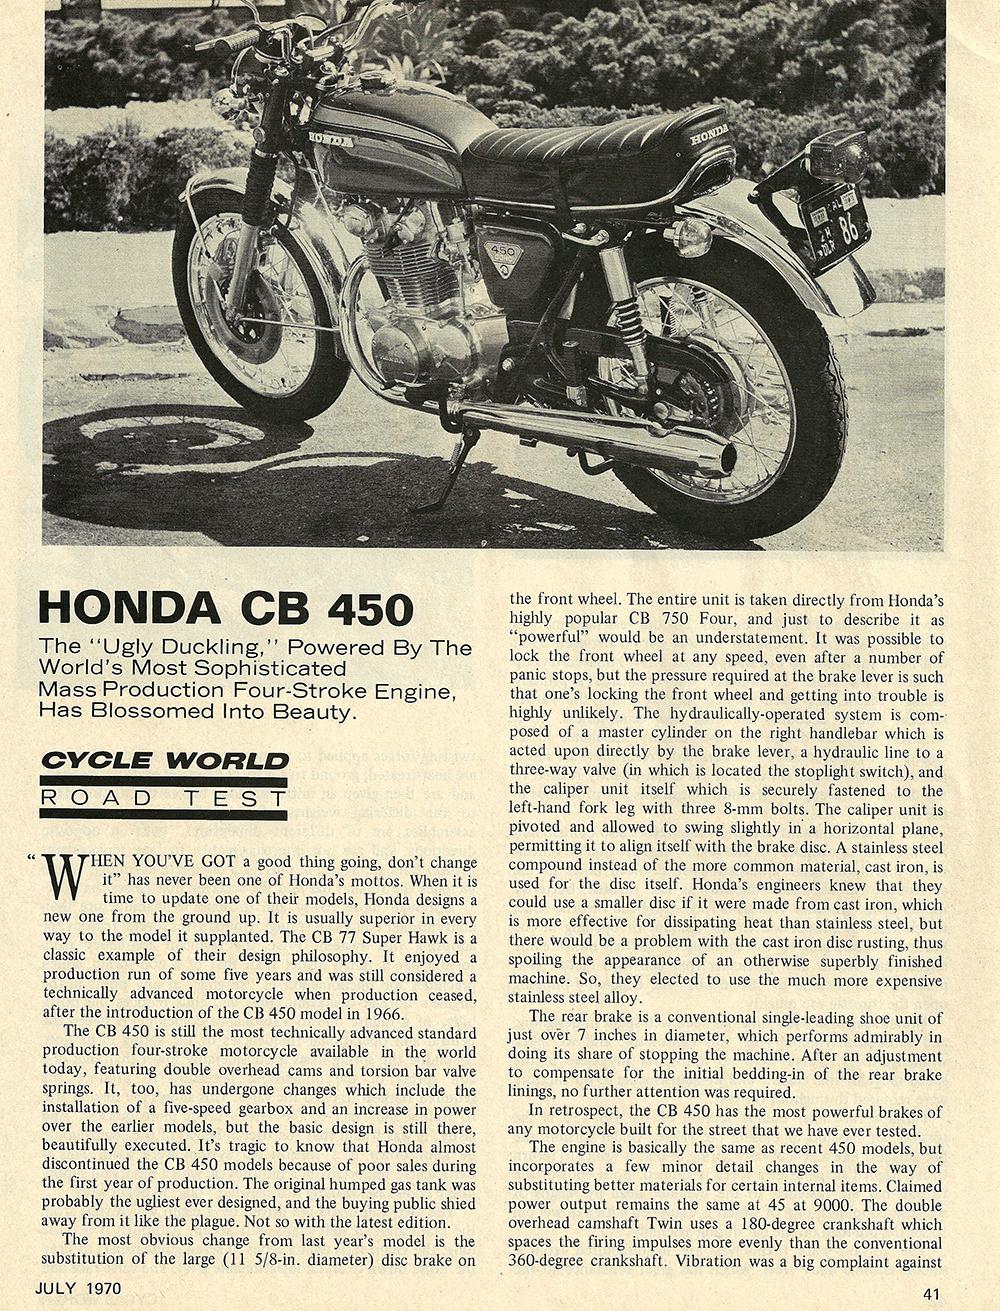 1970 Honda CB450 road test 01.jpg
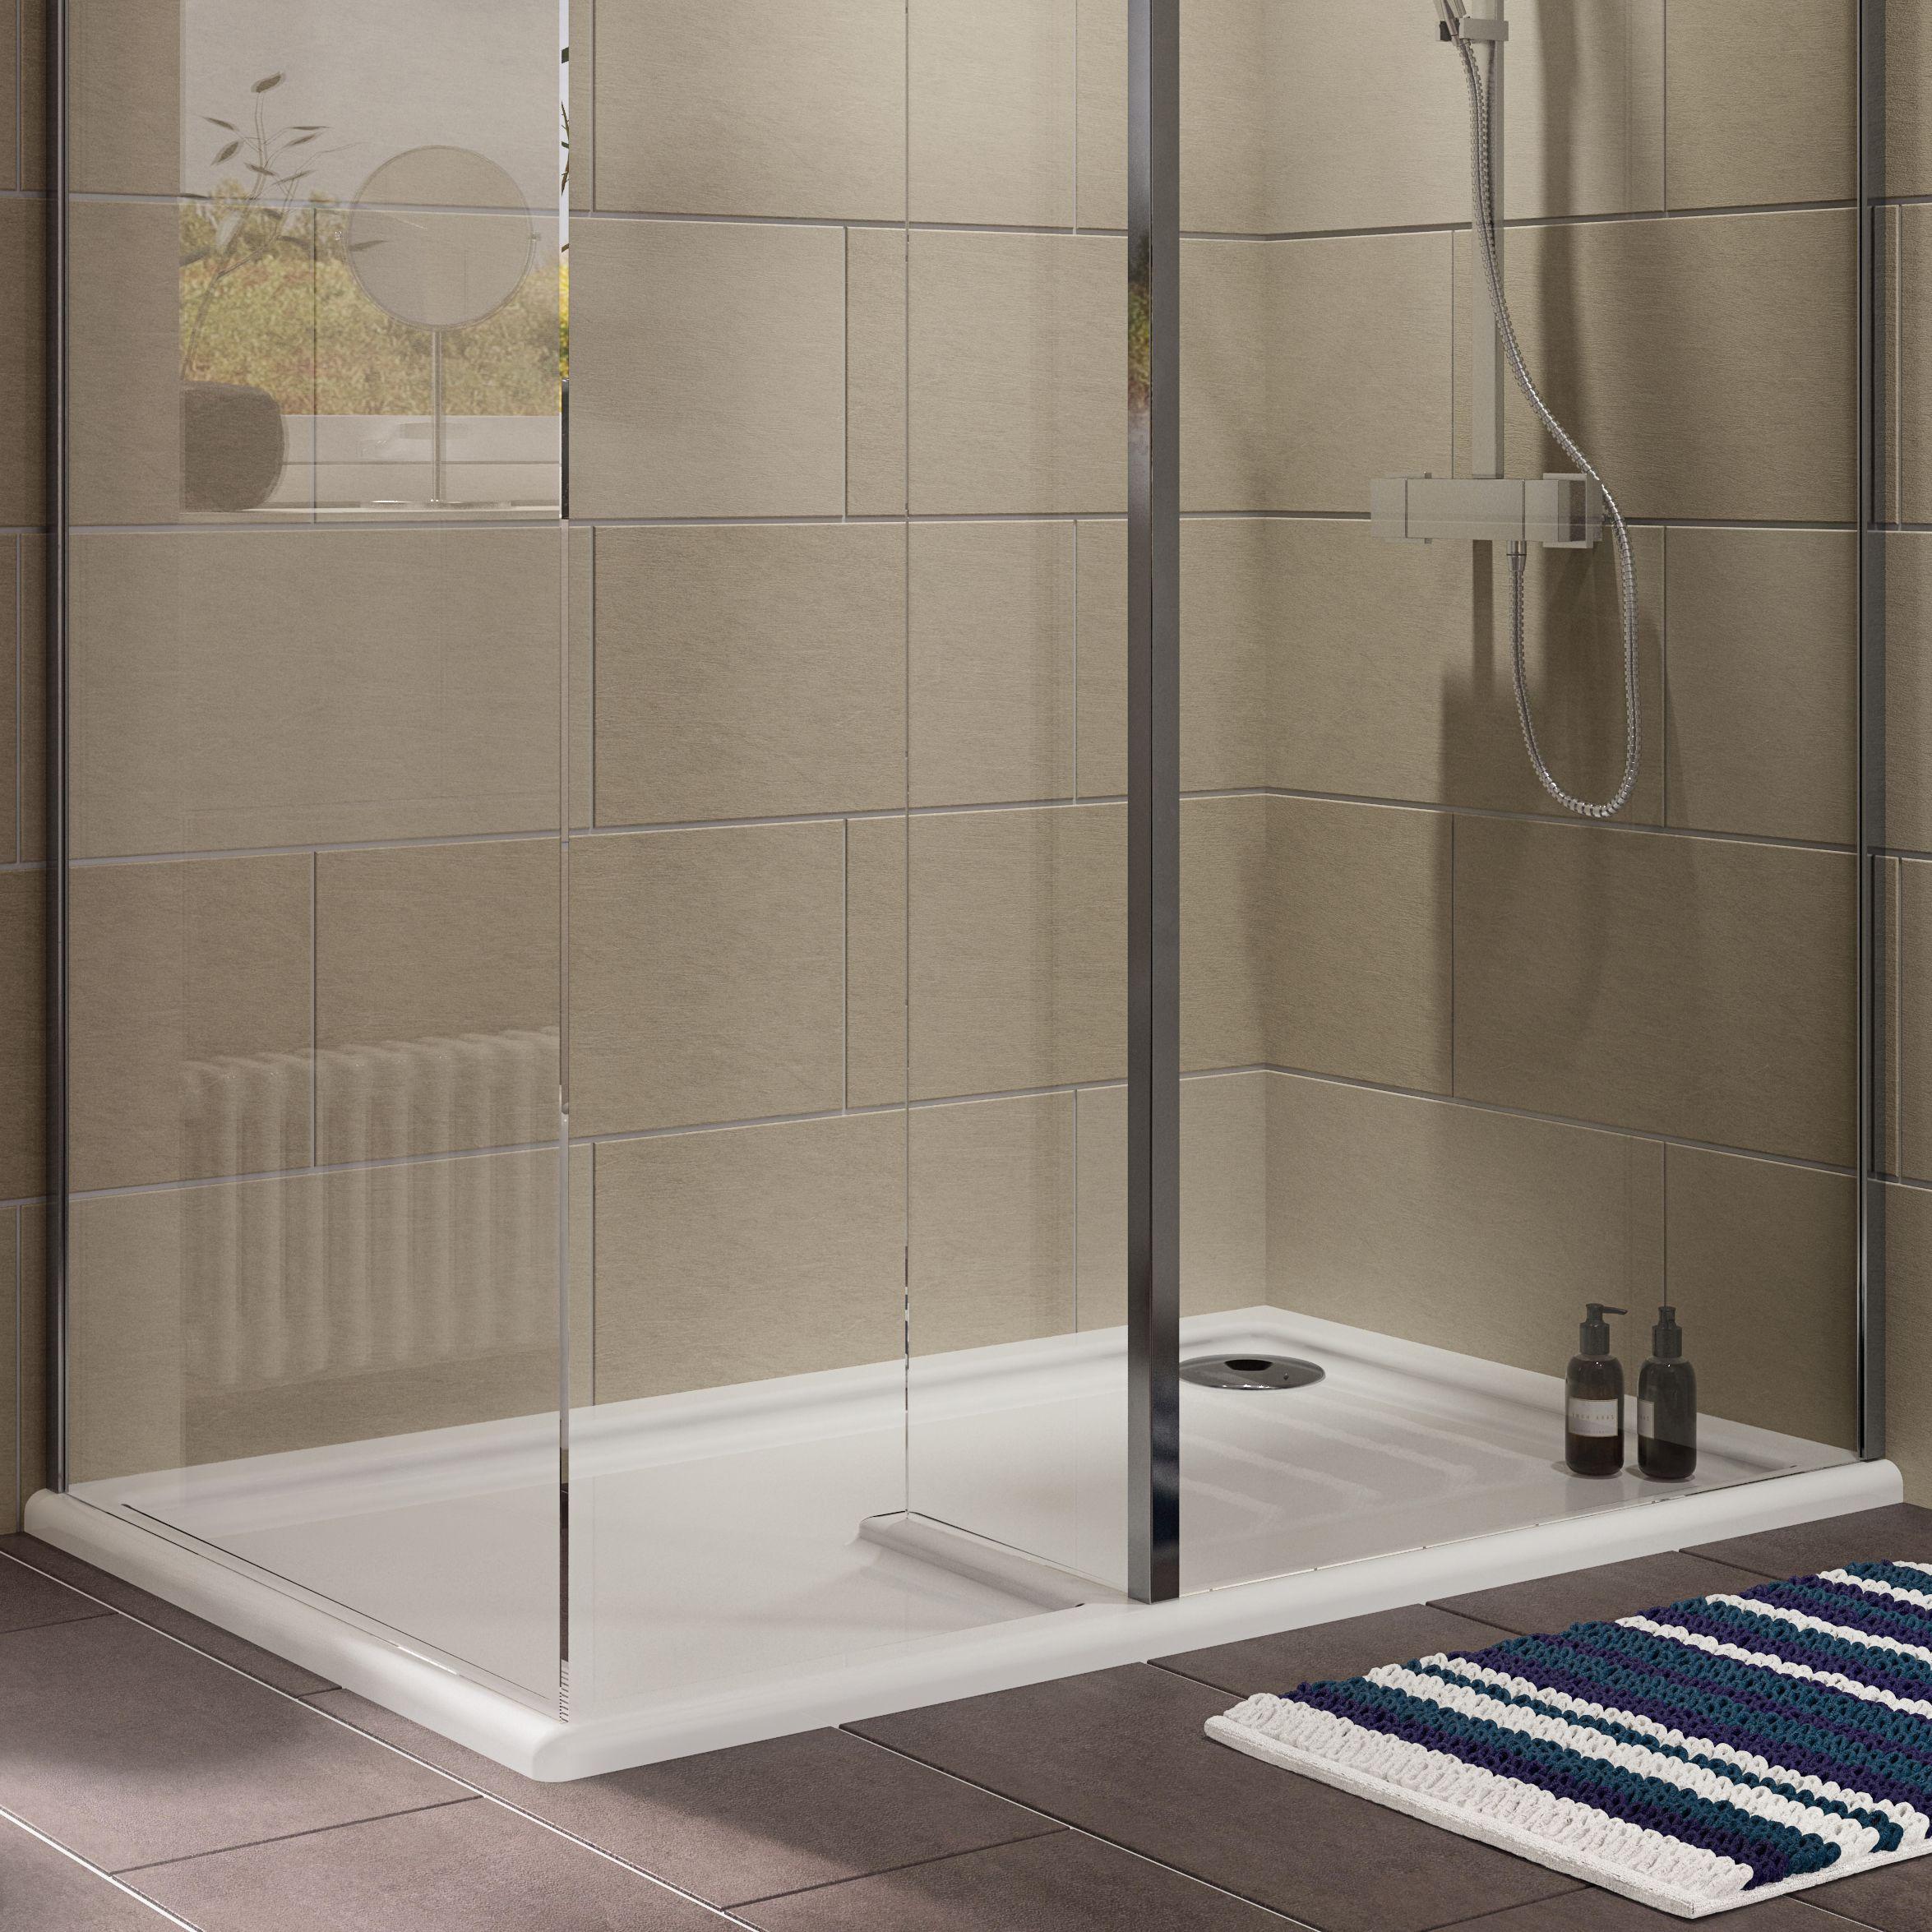 Cooke U0026 Lewis Ultra Low Profile (Lh) Rectangular Walk In Shower Tray LH  (L)1400mm (W)900mm (D)27mm | Departments | DIY At Bu0026Q
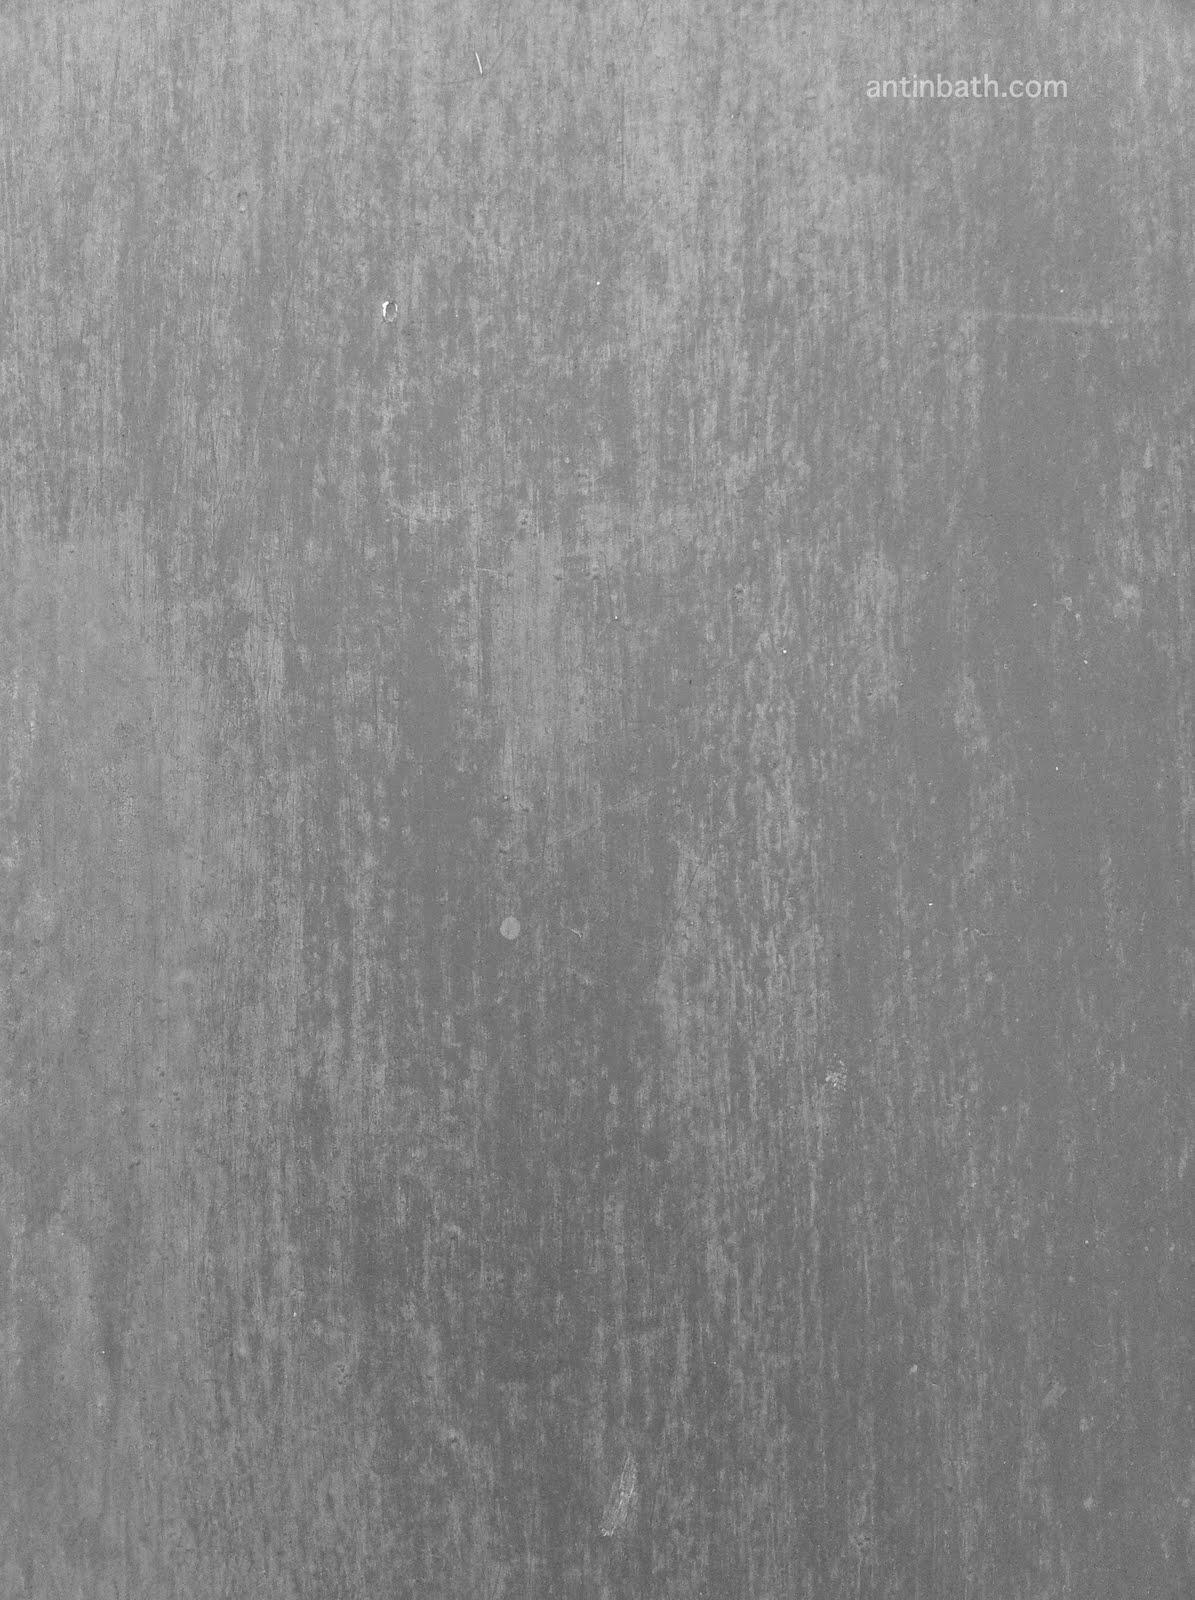 Wallpaper iphone 4 - Wallpaper Iphone 5 Wallpaper Iphone 5 Wallpaper Iphone 5 Wallpaper

__WHAT IS BEING ASKED__
Transcribe every line of the data exactly. No pictures go in the copy.

__ANSWER FOR THIS EXERCISE__
 1970 Honda CB450 road test 01.jpg
 Cooke U0026 Lewis Ultra Low Profile (Lh) Rectangular Walk In Shower Tray LH  (L)1400mm (W)900mm (D)27mm | Departments | DIY At Bu0026Q
 Wallpaper iphone 4 - Wallpaper Iphone 5 Wallpaper Iphone 5 Wallpaper Iphone 5 Wallpaper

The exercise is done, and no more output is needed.